Increasing excitability of ipsilesional primary motor cortex (M1) by transcranial magnetic stimulation (TMS) is one of the most explored approaches to prime use-dependent plasticity before motor exercises. Continuous stimulation with frequencies between 3 and 20 Hz (Khedr et al., 2005; Malcolm et al., 2007; Chang et al., 2010) and intermittent theta-burst protocols with 2 s-trains of short 50 Hz bursts (Talelli et al., 2012; Hsu et al., 2013) have both been applied to increase ipsilesional M1 excitability prior to neurorehabilitative training. In a complementary experiment, Koganemaru et al. (2010) applied 8 s trains of repetitive 5 Hz TMS alternating with 50 s periods of neurorehabilitative training. All these approaches used pre-defined stimulation parameters independent of the actual behavioral state of the patient.

Unlike these open-loop approaches, activity-dependent paradigms using neural or muscle activity to control brain stimulation in a closed-loop approach hold promise to invoke Hebbian mechanisms for more efficacious plasticity induction (Edwardson et al., 2013). Bütefisch et al. (2011) introduced activity-dependent TMS to stroke rehabilitation, in which motor activity-related electromyography (EMG) of the paretic limb triggered a single TMS pulse to the hand representation of the ipsilesional M1 during the motor exercises. Notably, the patients in that study—as in most other stroke studies on brain stimulation—suffered from mild to moderate paresis and were able to perform hand movements targeted by stimulation. Patients with severe hand paresis would be unlikely to benefit from such activity-dependent stimulation approach due to variable, decreased, or even missing voluntary EMG activation. These patients require novel activity-dependent stimulation paradigms based, for example, on intrinsic brain activity. Such alternative concepts have already been implemented in animal studies by using action potentials of single neurons to trigger electrical stimulation (Jackson et al., 2006; Rebesco et al., 2010), but have not been introduced for patients with motor deficits.

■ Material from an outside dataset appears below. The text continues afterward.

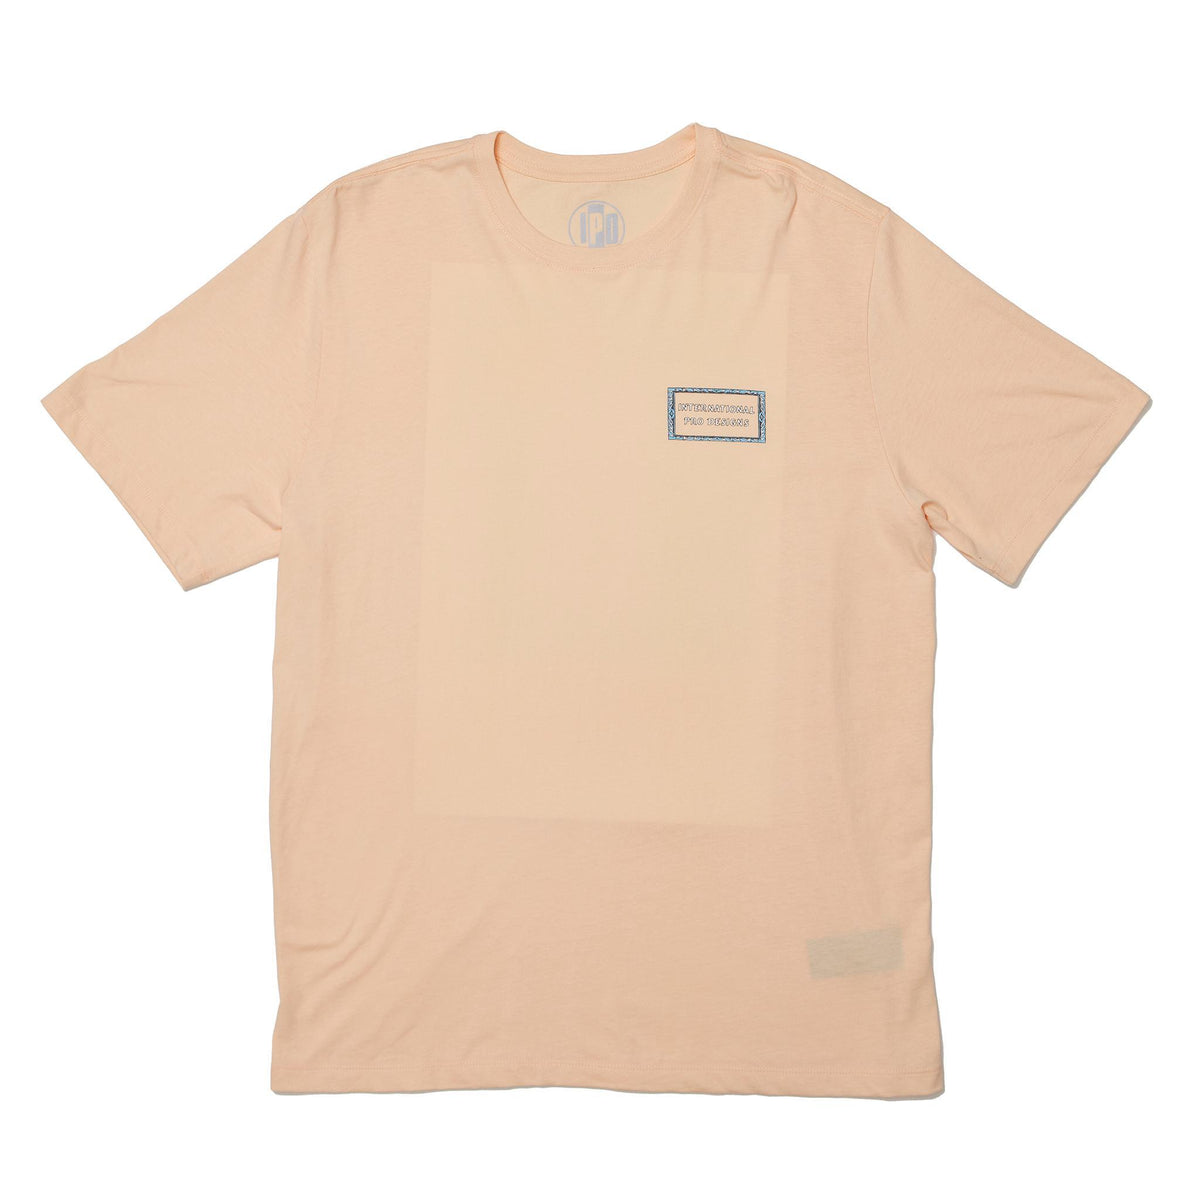 front view of the mens framed super soft s/s tee in color sherbert showing the small frint logos saying international pro designs on the left chest

Volitional control of cortical neural activity in the absence of actual movements has been explored extensively to operate cursors or peripheral devices in the context of brain-computer (BCI)/brain-machine-interfaces (BMI) (Wolpaw et al., 2002). More specifically, electroencephalography (EEG)-based neurofeedback training with a BMI has been used to provide haptic feedback for motor rehabilitation of severely affected stroke patients (Ramos-Murguialday et al., 2013). Due to methodological limitations, such as stimulus noise contamination on cortical signal processing, these techniques have not yet included concurrent brain-stimulation applications. Walter et al. (2012) recently introduced the use of the Burg algorithm to minimize the influence of stimulation after-effects on spectral estimation of cortical signals for BMI.

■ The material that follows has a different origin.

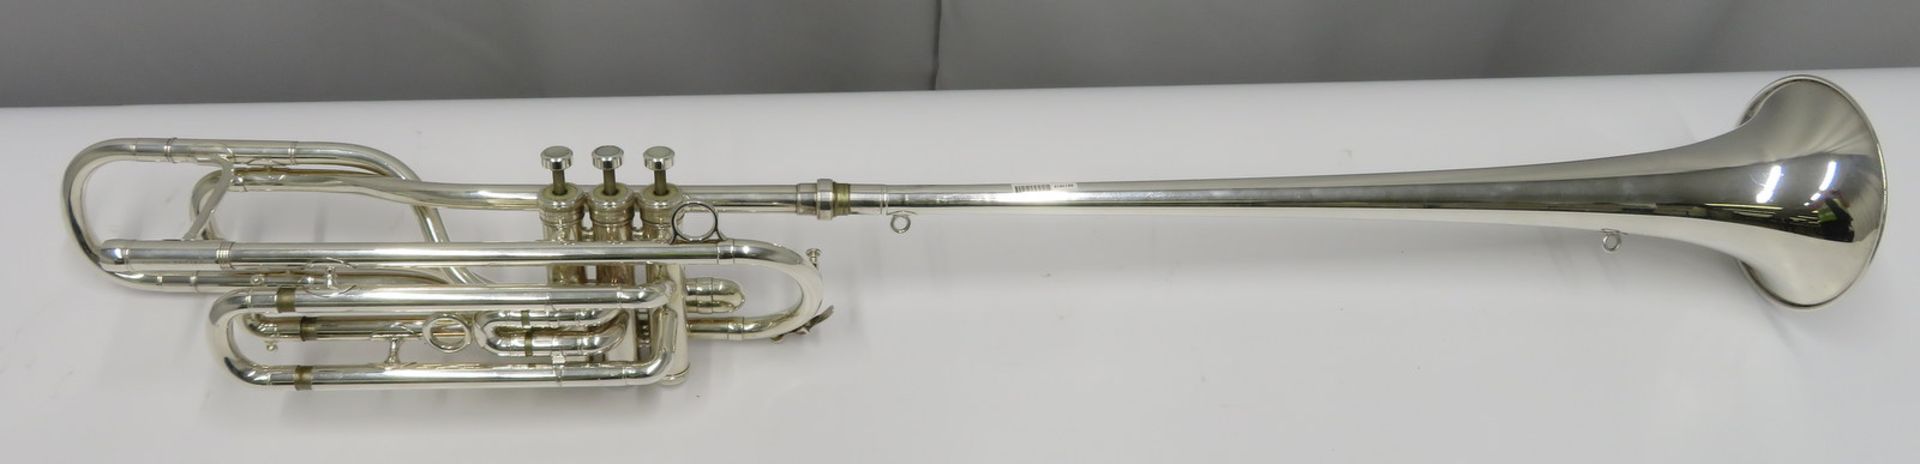 Besson International BE707 fanfare trumpet with case. Serial number: 884160. - Image 3 of 17

In the present feasibility study, we investigated the effects of coupling a BMI with TMS, i.e., applying brain-state dependent stimulation (BSDS), on cortical physiology in the healthy and post-stroke brain. More specifically, we compared four experimental conditions in the healthy subject: (1) BSDS + HF, i.e., TMS was applied to the M1 hand area during event-related desynchronization in the ß-range (ß-ERD) induced by motor imagery, and combined with haptic feedback (HF) delivered by passive hand opening through a robotic hand orthosis; (2) HF alone; (3) non-specific brain stimulation (NSBS), i.e., TMS without motor imagery or HF; and (4) NSBS + HF.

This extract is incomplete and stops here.